A Deep Dive into NVIDIA GPU Virtualization: Passthrough, MIG, vGPU, and Time-Slicing

Modern AI, graphics, and data-intensive workloads often require high-performance GPU resources. But GPUs can be costly, power-hungry, and frequently underutilized if dedicated to a single VM or container. Fortunately, NVIDIA provides multiple ways to share and virtualize GPU hardware across different workloads, each with its own advantages and trade-offs.

In this post, I’ll walk you through four main approaches to GPU virtualization on NVIDIA hardware:

1. GPU Passthrough
2. Multi-Instance GPU (MIG)
3. NVIDIA vGPU (time-sharing mode)
4. Software Time-Slicing without vGPU

We’ll explore how each option works, the pros and cons, licensing considerations, and which use cases they serve best.

1. GPU Passthrough

What It Is

• GPU Passthrough gives one virtual machine (VM) direct and exclusive access to a physical GPU. The hypervisor (VMware, KVM, Hyper-V, etc.) “passes” the PCI device through to the guest OS (e.g., via VT-d/IOMMU).
• The guest OS installs the standard NVIDIA driver as if the GPU were bare-metal.

Key Points

• Performance: Nearly native. Little to no overhead, ideal for compute-heavy workloads or demanding applications that need full GPU capacity.
• Isolation: Excellent. One VM owns one physical GPU, so no risk of interference from other VMs.
• Scalability Limitation: Each physical GPU is dedicated to a single VM. If you need 10 GPU-enabled VMs simultaneously, you must install 10 physical GPUs.
• No Additional NVIDIA Licensing: Standard data center drivers typically suffice.

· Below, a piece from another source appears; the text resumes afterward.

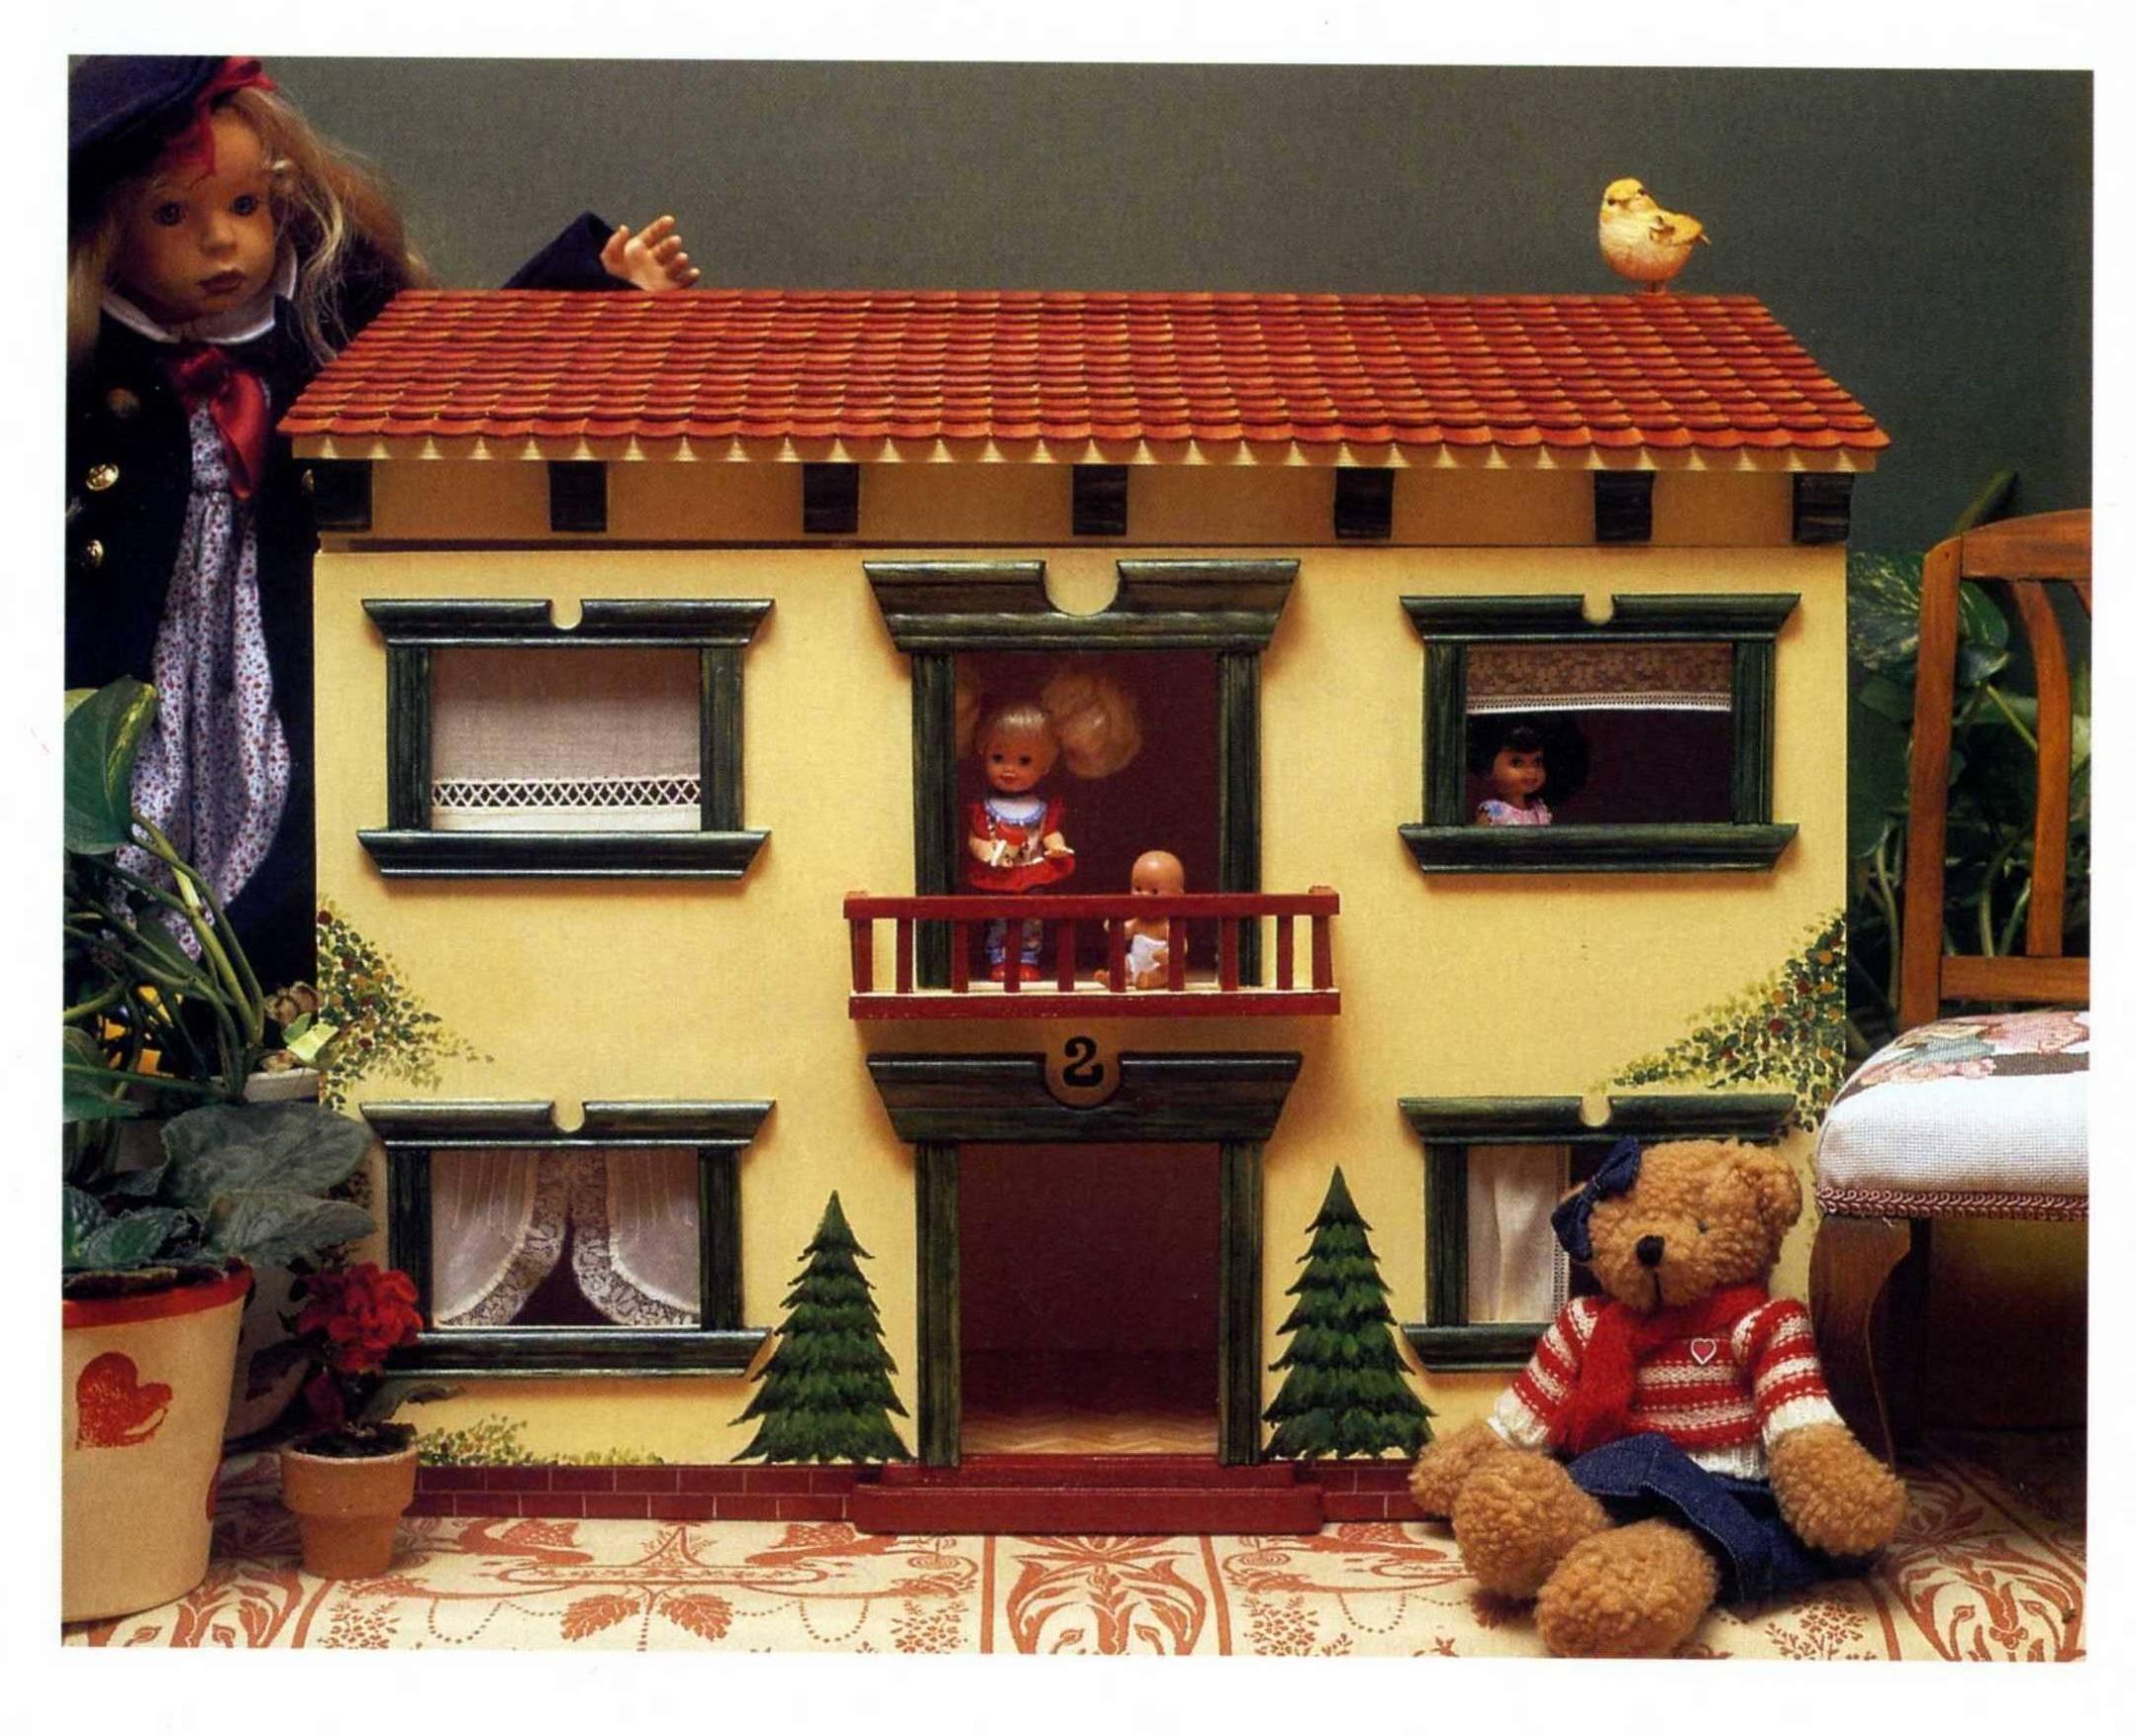 Casita de muñecas decorada

No vGPU license required.
• Migration Challenges: Live migration (vMotion, Live Migration in Hyper-V) typically doesn’t work with direct pass-through devices.

Typical Use Cases

• Single-user or single-tenant scenarios where each VM demands full GPU performance (e.g., HPC compute, large AI training).

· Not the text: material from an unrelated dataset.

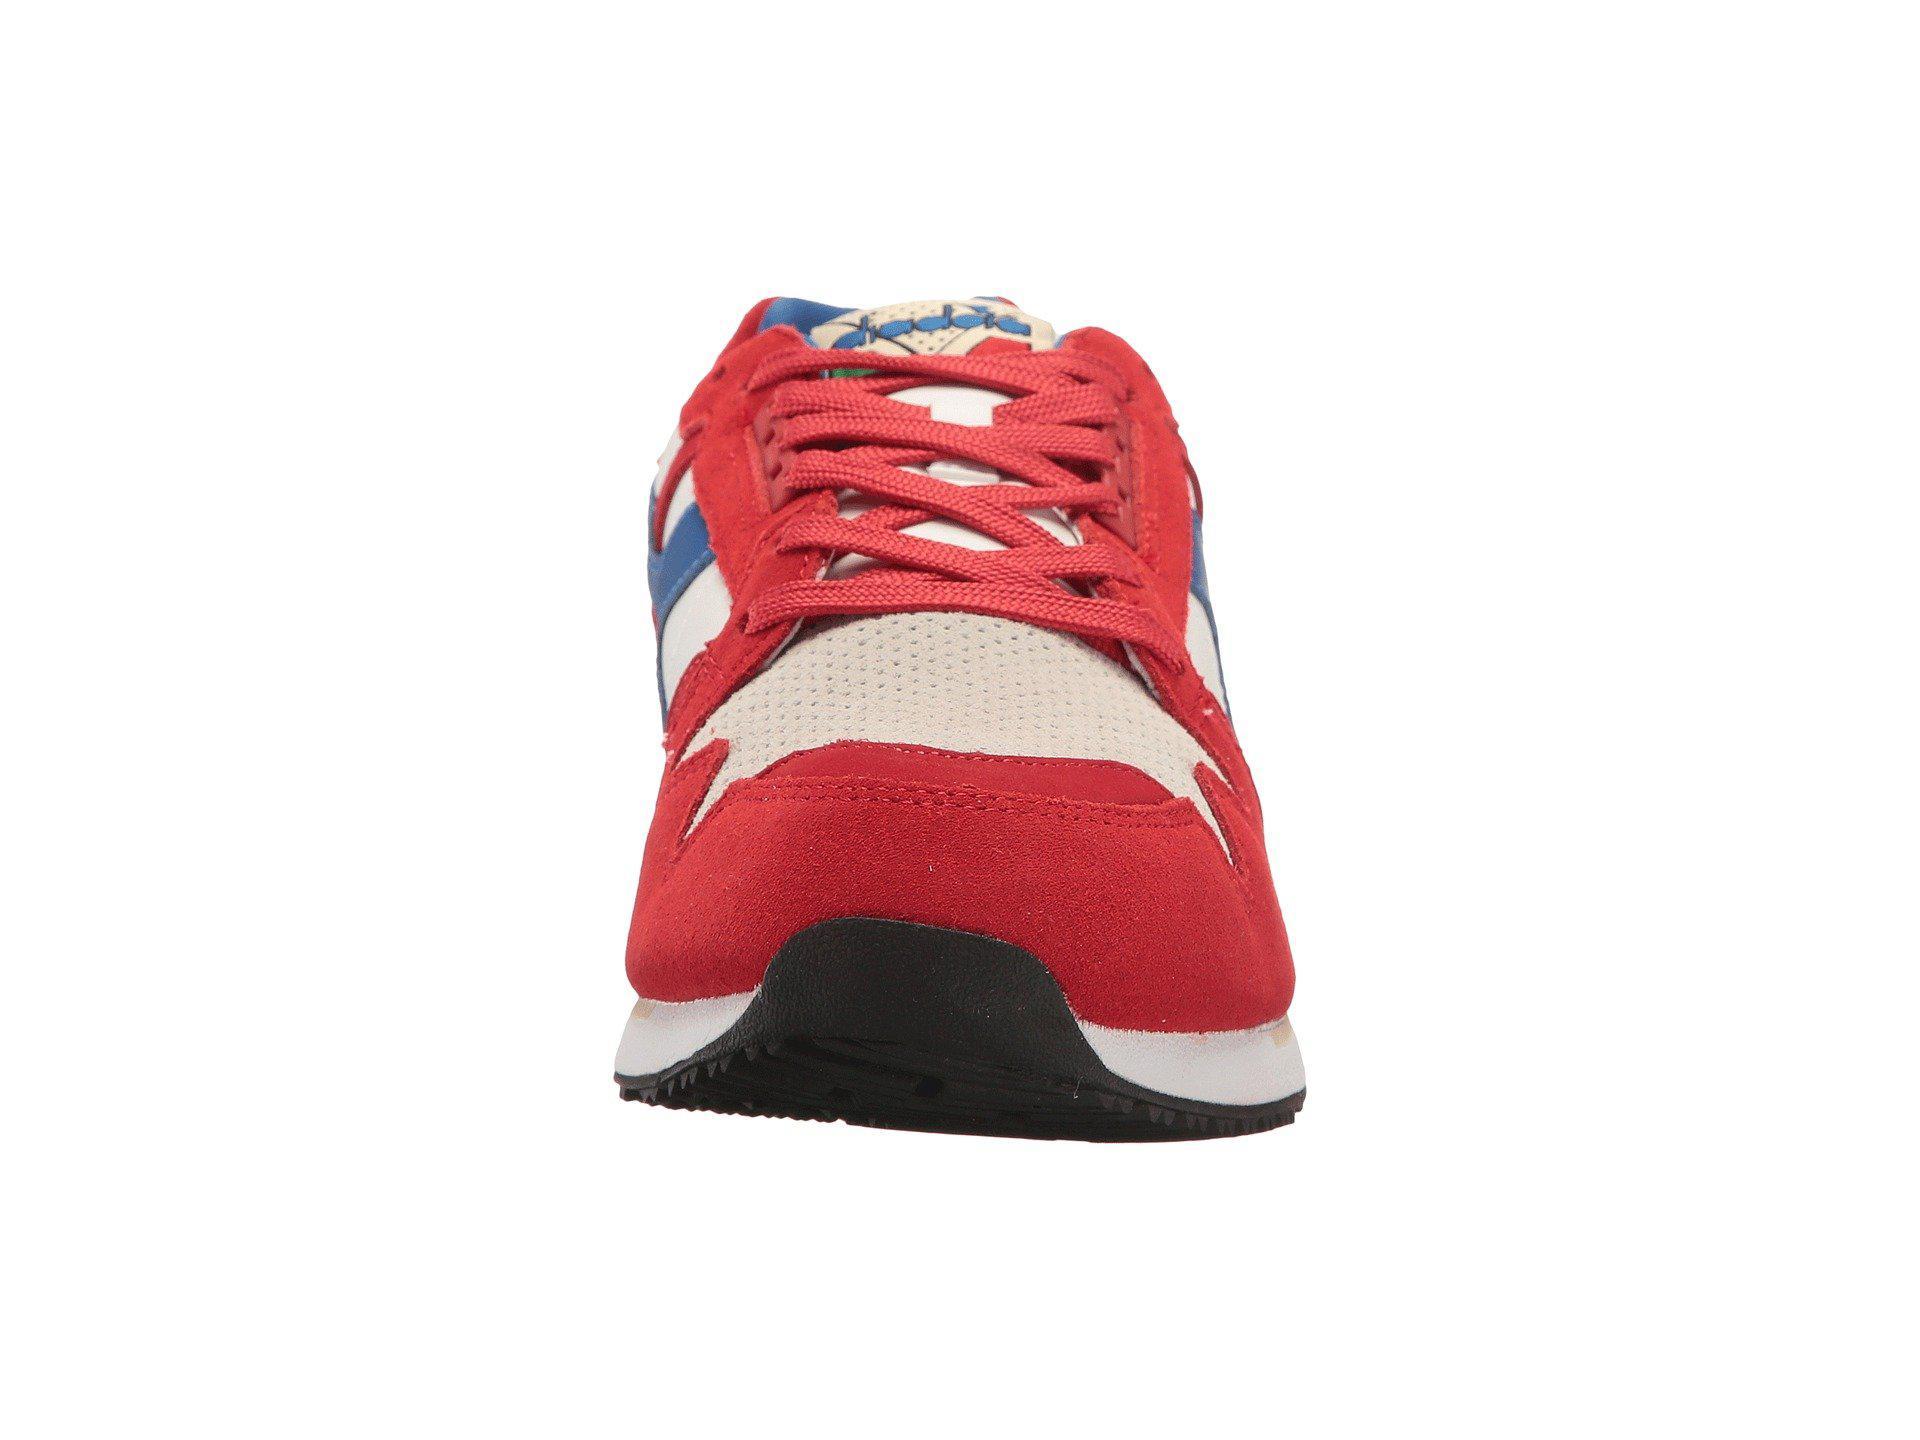 27f4e580b8 Diadora - Red I.c. 4000 Premium - Lyst. View fullscreen

2. Multi-Instance GPU (MIG)

What It Is

• MIG is a hardware-based partitioning feature available on certain NVIDIA Ampere/Hopper GPUs (e.g., A100, A30, H100). It lets you subdivide a single physical GPU into multiple independent GPU “instances,” each with dedicated SMs, memory slices, cache, copy engines, and address spaces.

How It Works

• On a server with a MIG-capable GPU, an administrator uses nvidia-smi (or similar tools) to carve the GPU into up to 7 separate partitions (on an A100). Each partition has guaranteed compute resources and memory.
• These partitions can be exposed to different VMs or containers, each seeing a “slice” of the GPU hardware as if it were a smaller standalone GPU.

Key Points

• Hardware-Level Isolation: Each MIG instance is strongly isolated. A fault (e.g., a driver crash) in one partition won’t typically bring down the entire GPU.
• Predictable Performance: Because MIG physically segments the GPU resources (SMs, caches, memory), each partition’s performance is stable and unaffected by neighbors.
• Static Partitioning: If one partition is idle, the other partitions cannot borrow its unused GPU capacity. Reconfiguring MIG instances requires shutting down workloads and recreating partitions.
• Licensing: Using MIG alone does not require a separate vGPU license.
• GPU Model Constraints: Only certain high-end data center GPUs (A100, A30, H100) support MIG. No MIG on A40, A10, L40, etc.

Typical Use Cases

• AI/ML multi-tenant environments that require predictable performance, guaranteed slices, and robust fault isolation (e.g., HPC clusters, AI training/inference services).
• Organizations that want to subdivide big GPUs into 2–7 pieces, each for a different VM or container.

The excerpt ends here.